▶ [WHAT THE TASK ASKS] Print every entry, word for word, and skip the images.
───── INPUT FOR THIS TASK
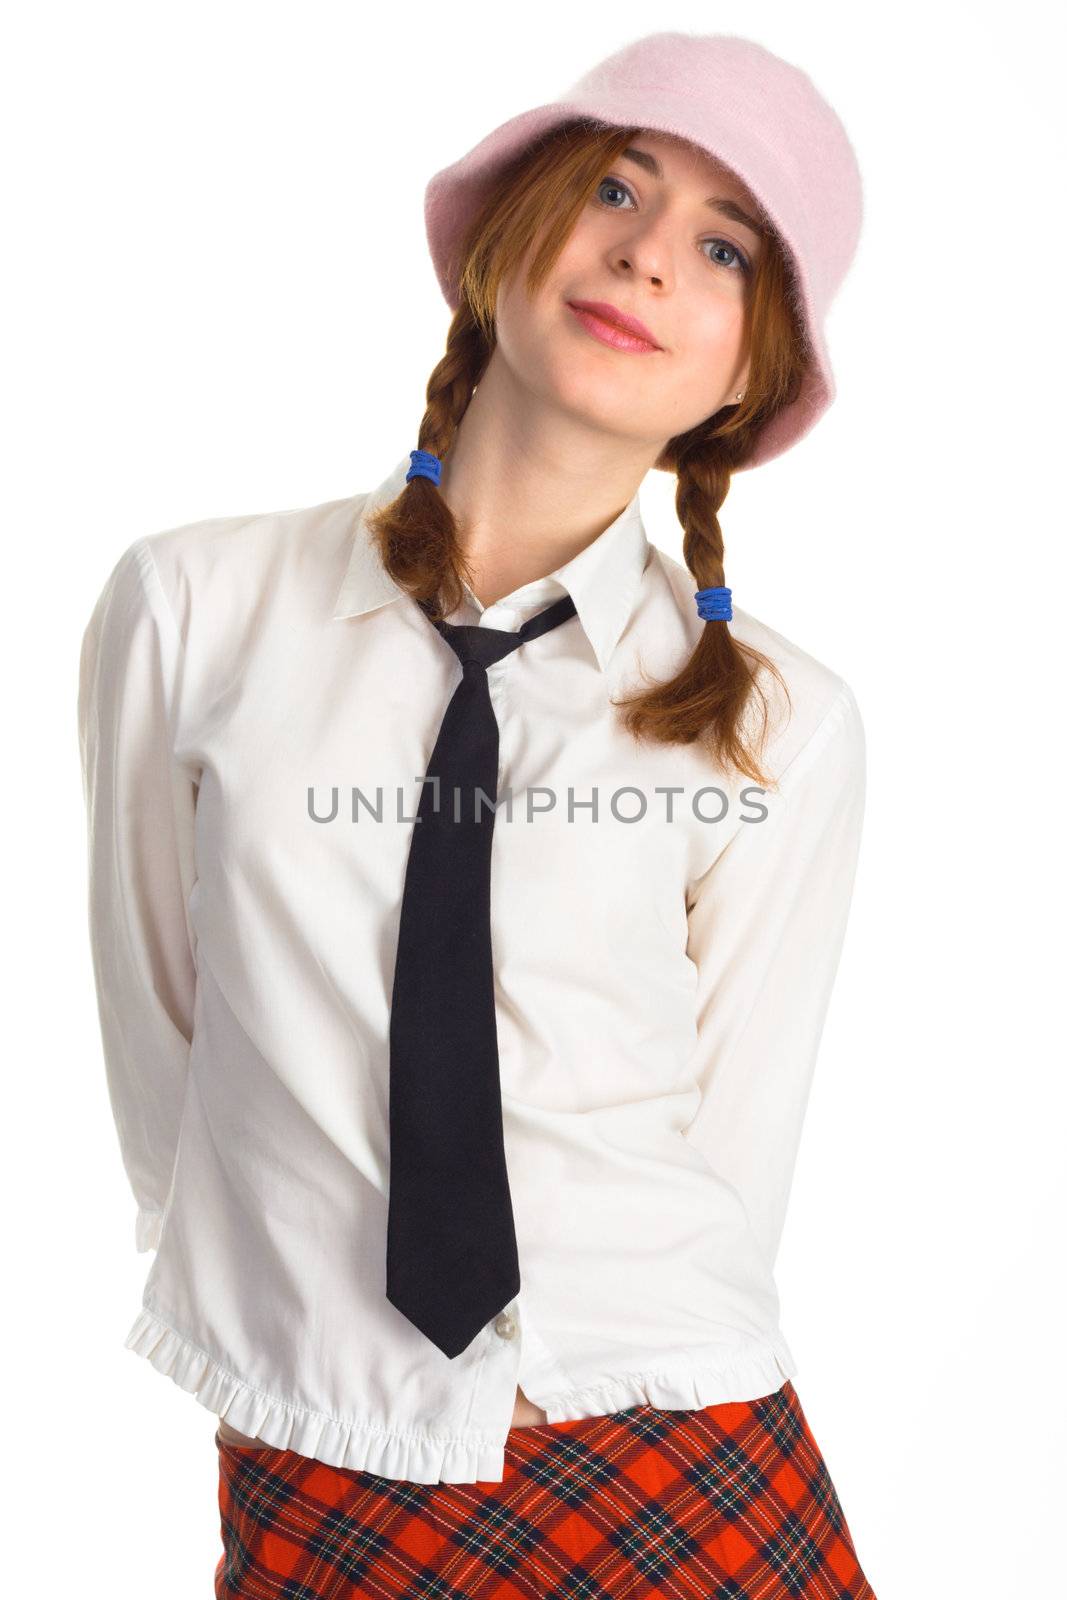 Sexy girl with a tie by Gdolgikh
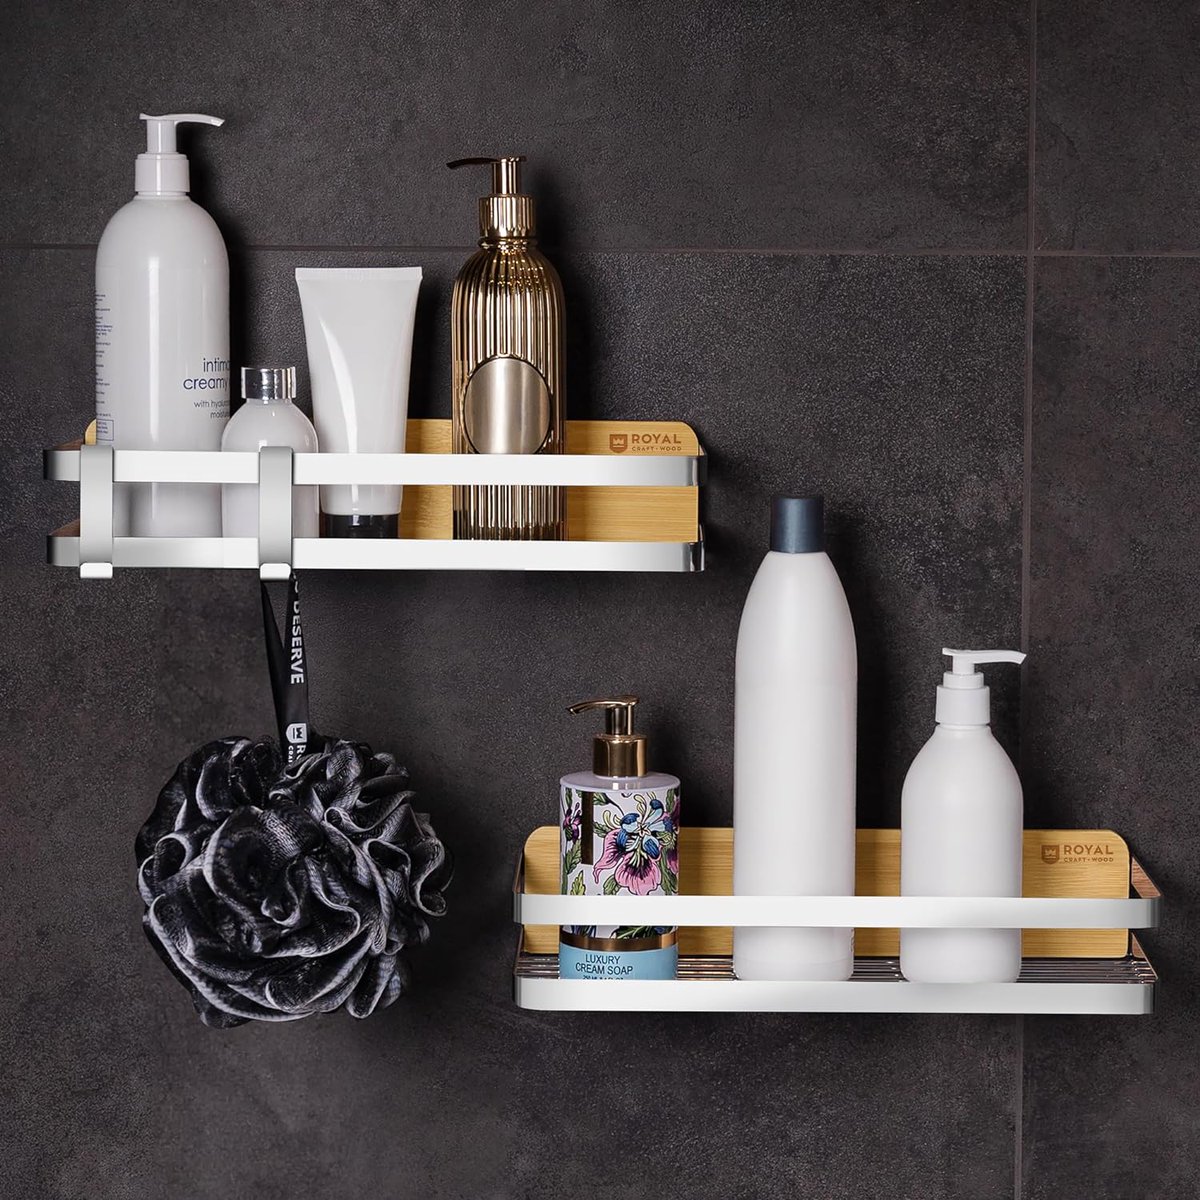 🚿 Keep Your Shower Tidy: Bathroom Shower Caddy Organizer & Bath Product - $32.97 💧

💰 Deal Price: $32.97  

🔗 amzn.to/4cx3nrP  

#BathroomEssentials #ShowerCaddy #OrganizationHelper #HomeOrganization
──────────
▶ [RESPONSE TO THE TASK]
 Sexy girl with a tie by Gdolgikh
 🚿 Keep Your Shower Tidy: Bathroom Shower Caddy Organizer & Bath Product - $32.97 💧

💰 Deal Price: $32.97  

🔗 amzn.to/4cx3nrP  

#BathroomEssentials #ShowerCaddy #OrganizationHelper #HomeOrganization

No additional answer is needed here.